Hayır hayata sitem etmiyorum, "yapmak istediğim çok şeyim ve çok az zamanım var" cümlesini kendi kendime kurmaktan bile sıkıldım. "To Do List"imin sürekli kabarık olmasından ve gün bittiğinde ancak yarısını halletmiş olmaktan da sıkıldım ama artık kendime bir sözüm var: bunu kafaya takmayacağım, o gün için en çok yapmak istediğim şeyleri yapıp yapamadıklarım için hayıflanmaktan, kendime kızmaktan da vazgeçeceğim.

Doğru, anladınız, bu sıkıntının işle alakası yok. İş için farklı zaman yönetimi yöntemlerim var. Neler mi? O başka bir yazıya kalsın.

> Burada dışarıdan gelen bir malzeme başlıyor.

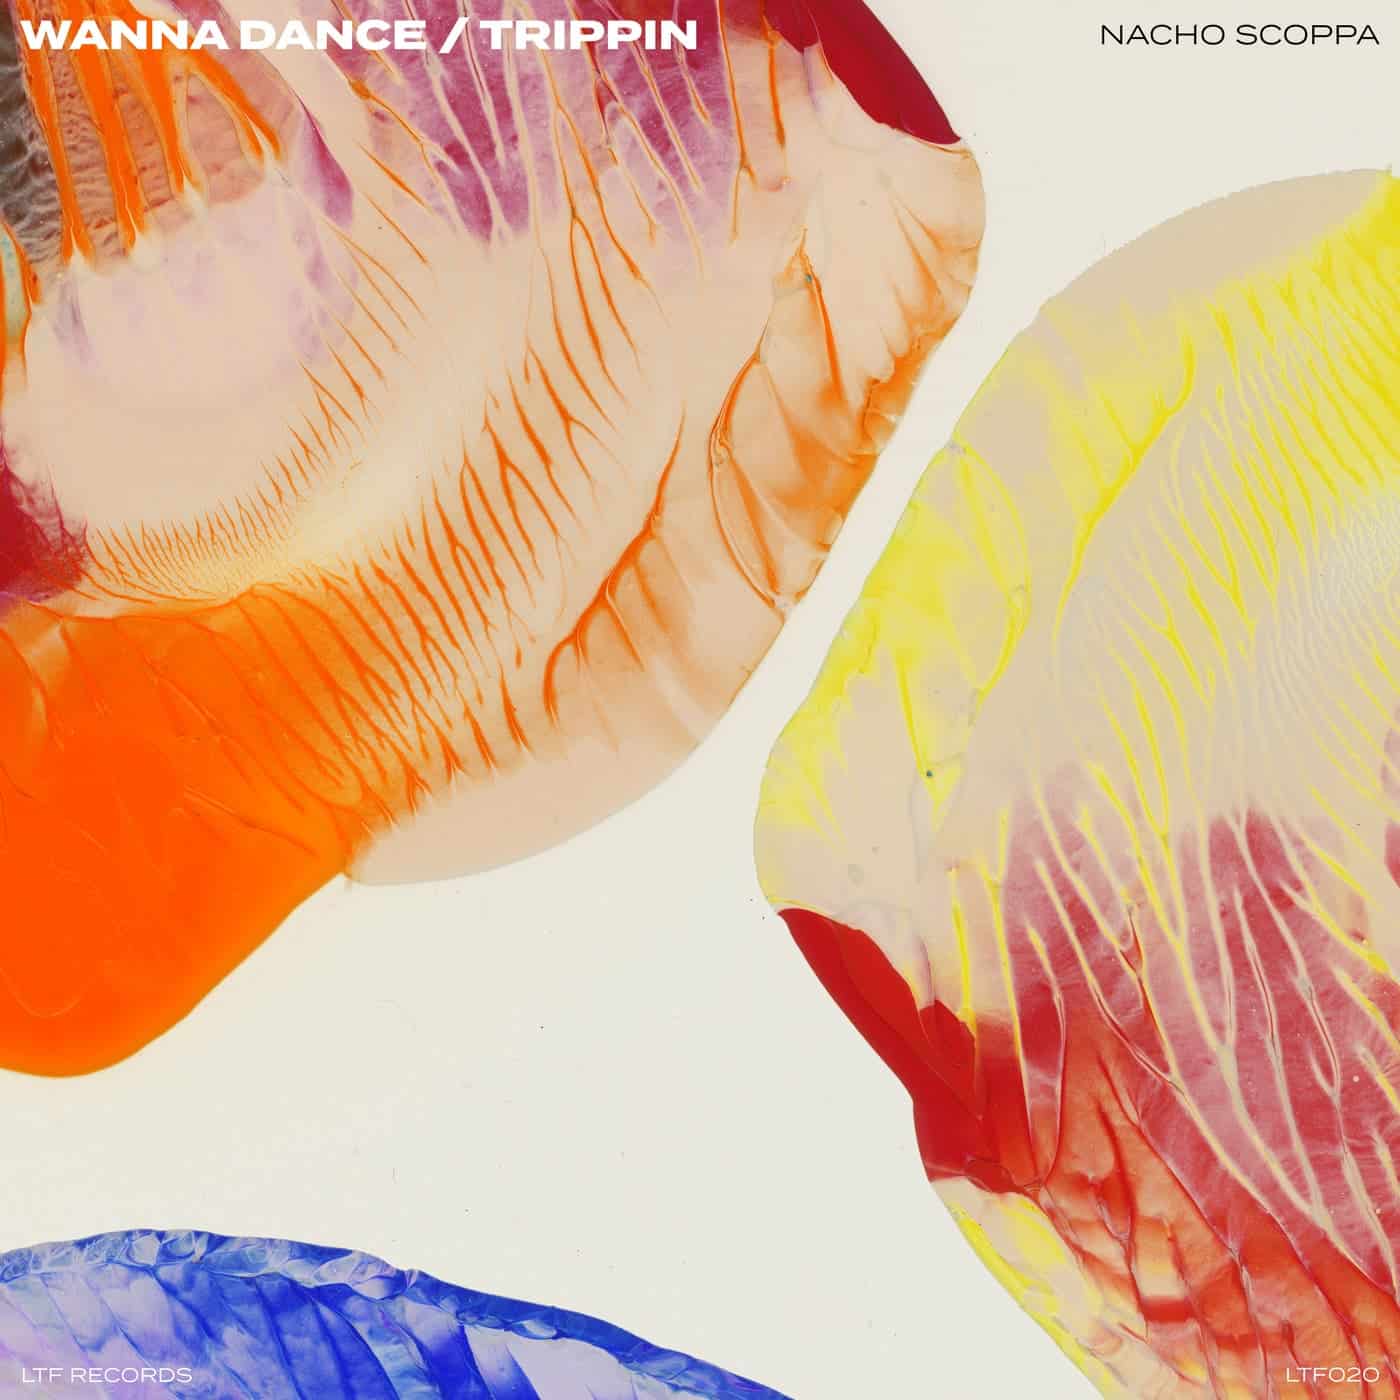 Download Nacho Scoppa - Wanna Dance / Trippin' on Electrobuzz

Hafta sonu için yapılacaklar listesi kabarık ama öncelikler üç ana gruba ayrıldı: Kesinlikle yapılması gerekenler, aşırı derecede yapmak istediklerim, yapsam iyi olurlar.

12 Kasım 2018 Pazartesi

Paris is always a good idea!

"Para harcayarak sizi zengin yapacak tek şey seyahat etmektir."

Paris'te 4 gün geçirdik.
85.000 adım
63 km yürüyüş
ve şahsıma ait kısık bir ses.
ve bize ayak uydurmayı başaran bir Arca cücesi! 

10 Kasım 2018 Cumartesi

Başkalarına yardım etmek

Bazen giysilerimiz küçük gelir. Bazen eskir. Bazen çantamızın bir yeri yırtılır tamir edemeyiz.
Bunları atmak yerine, işine yarayacak birine verebiliriz. Belki birisi, bizim tamir edemediğimiz çantamızı onarıp kullanabilir.
Peki, o kişiyi nasıl bulabiliriz?
Türkiye'de yaşarken, görmüştüm. Cadde üstünde Kızılay'ın kocaman kutuları vardı. Bizim işimize yaramayan eşyaları, annem ayırır, babam da o kutulara atardı.
Belçika'da da böyle kutular olduğunu öğrendim. Havuza gittiğimiz gün, annem üzerinde Flamanca yazan kocaman bir kutunun yanına götürdü beni ve tercüme etmemi istedi. Başkalarına yardım etmek ile ilgili bir şeyler yazıyordu. Annemin anlamasına yardım ettiğim için kendimle gurur duydum.
Başkalarına yardım etmek için, bazen bir eşya verebiliriz, bazen de Flamanca yazıları tercüme edebiliriz.


Helpen aan iemand anders.
Soms worden onze kleren klein voor ons. Soms worden ze oud. Soms worden onze tassen kapot en we kunnen hen niet meer gebruiken en reparaseren.
Maar op de plaats van naar vuilbak gooien kunnen we beter aan iemand geven die het nodig heb. En die iemand kan die spullen reparaseren en nog een keer gebruiken.
Maar hoe kunnen we die iemand vinden?
In Turkije zijn er bedrijven die arme mensen helpen. Die bedrijven laten altijd een grote doos bij sommige straten. En mensen gooien hun oude of kapotte spullen erin. Mijn mama heeft gezegd dat hier in Belgie ook zo dozen zijn om mensen te helpen. Op de dag die we naar het zwembad gegaan hebben heeft mama me naar een doos gebracht. Ze wilde weten wat op het doos staat. En het was Nederlands geschreven. Ik heb het vertaad voor mijn mama. Het was over helpen aan iemand anders. We kunnen een spul geven of Nederlandse teksten vertalen om te helpen aan iemand.